Suspiró Quiteria ante los tristes recuerdos. No hacía ni dos semanas que había visto la carta por última vez, cuando guardó los documentos en la bujeta de los papeles. Desde luego la hija la había leído una y mil veces. Era todo lo que conservaba de su madre. Y a pesar de saber la verdad de lo ocurrido, aún se podía oír a Antonia decir cosas como: «¡Mi madre vivía en casa palacio», o «la servían doncellas y amas y criados», o «tenía coche, y caballos, y verdugados, y saboyanas y mantos bordados, y chapines de seda». Y don Quijote y el ama, que conocían la verdad de todo, por no disgustarla asentían y no le quitaban la razón.

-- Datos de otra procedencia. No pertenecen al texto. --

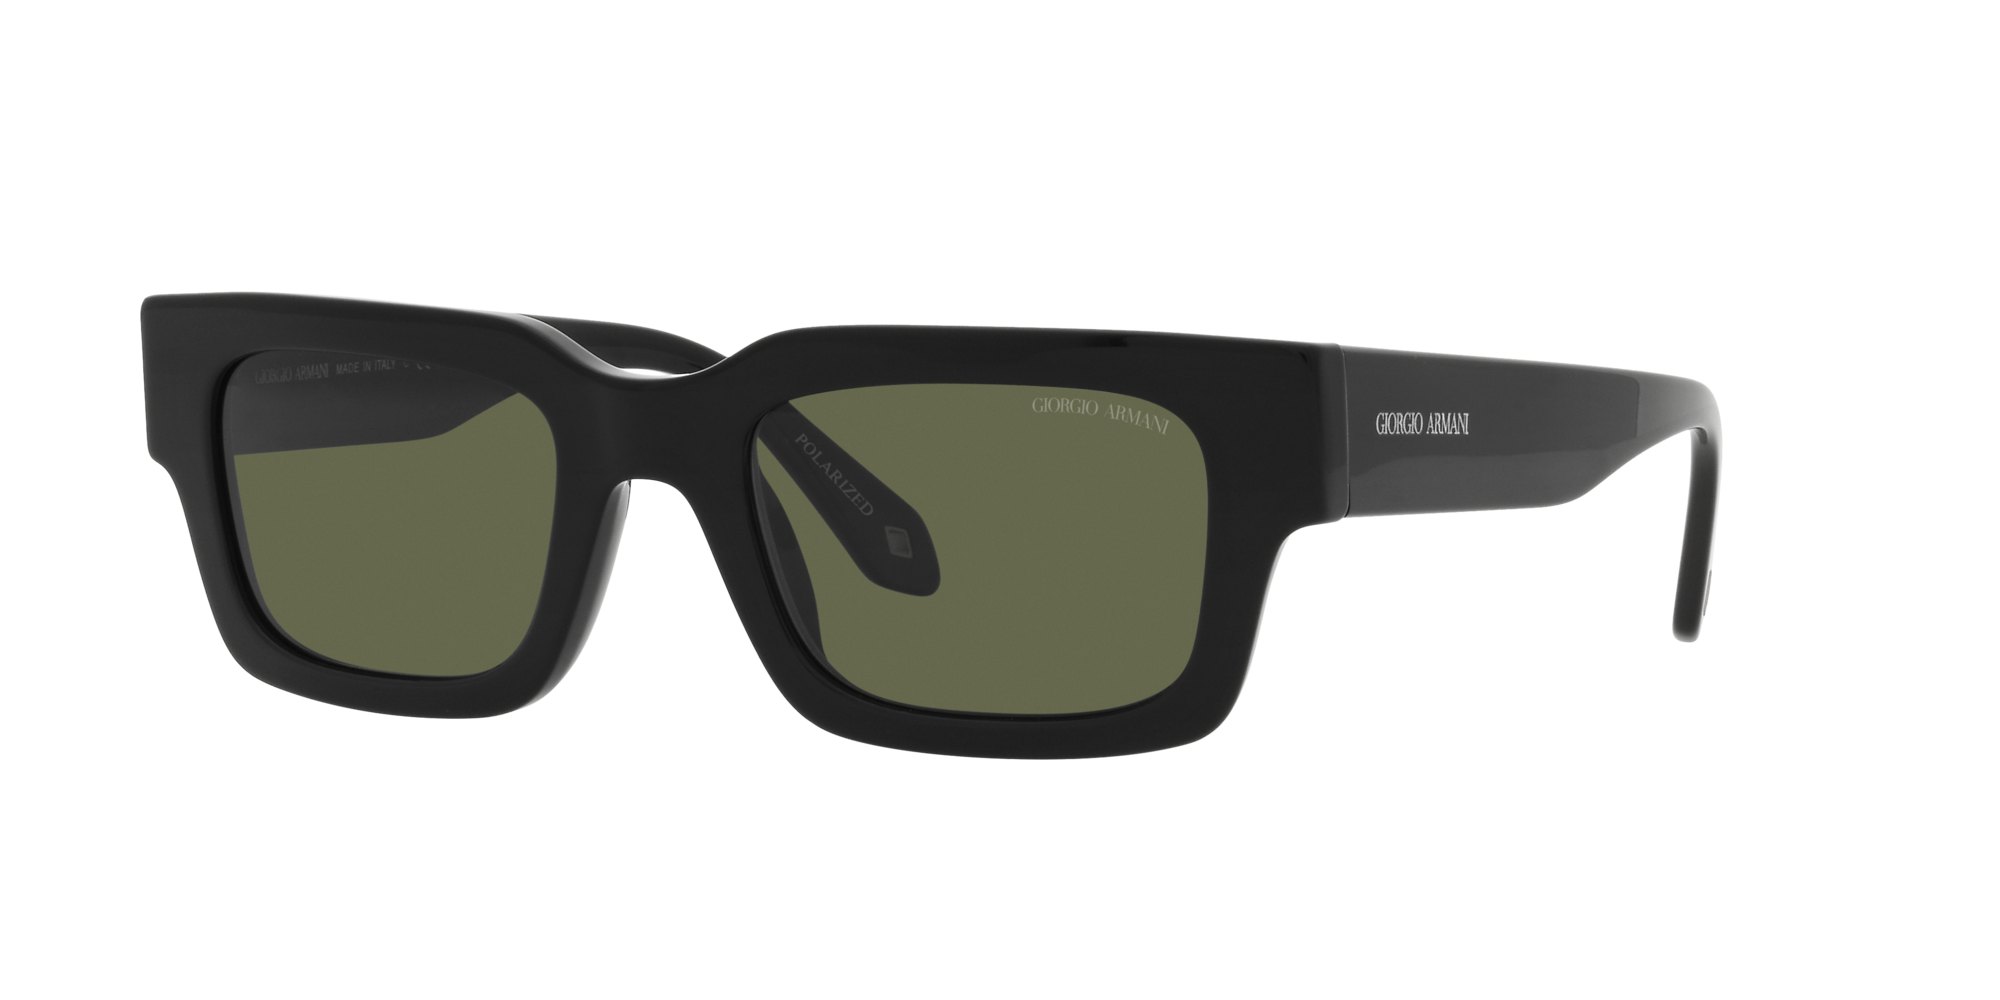 Sunglasses Giorgio Armani Grey in Plastic - 41796690

«Pobre Elvira, pobre Antonia -se dijo de pronto Quiteria, tomando de nuevo el curso de su coloquio con la borriquilla-. No tuvo otra que morirse de un mal ferino, Altea. Le tomó el pecho y se lo deshizo en sangre. De no haber sido así seguramente lo habría hecho de estrecheza, porque todo lo fue vendiendo, sus alhajas y sus saboyanas, los verdugados y las alfombras, las sartenes y las ollas, y quedó tan pobre como la llama de una candileja, sin más valedor que un criado viejo que la robaba. Cuando llegamos ya no le quedaba nada, más que miseria.

»A Madrid fuimos yo y mi amo, y aquí las trajimos a las dos. Tú, Altea, todavía no habías nacido. La pobre Elvira muñó en cuanto entró por la puerta, que se hubiera dicho que estaba deseando llegar a su casa para descansar, y nos quedó el consuelo de su buena muerte. Murió como un apóstol, sin decir ni mu, la pobre, como su hermano. Eso debía de ser cosa de la familia.»

Se ve que en ese recuerdo tan penoso y funéreo, se despertó uno jovial, como a veces ocurre con ese sueño que abre una puerta que lo comunica con otro sueño. Y fue que Quiteria recordó aquel viaje a Madrid.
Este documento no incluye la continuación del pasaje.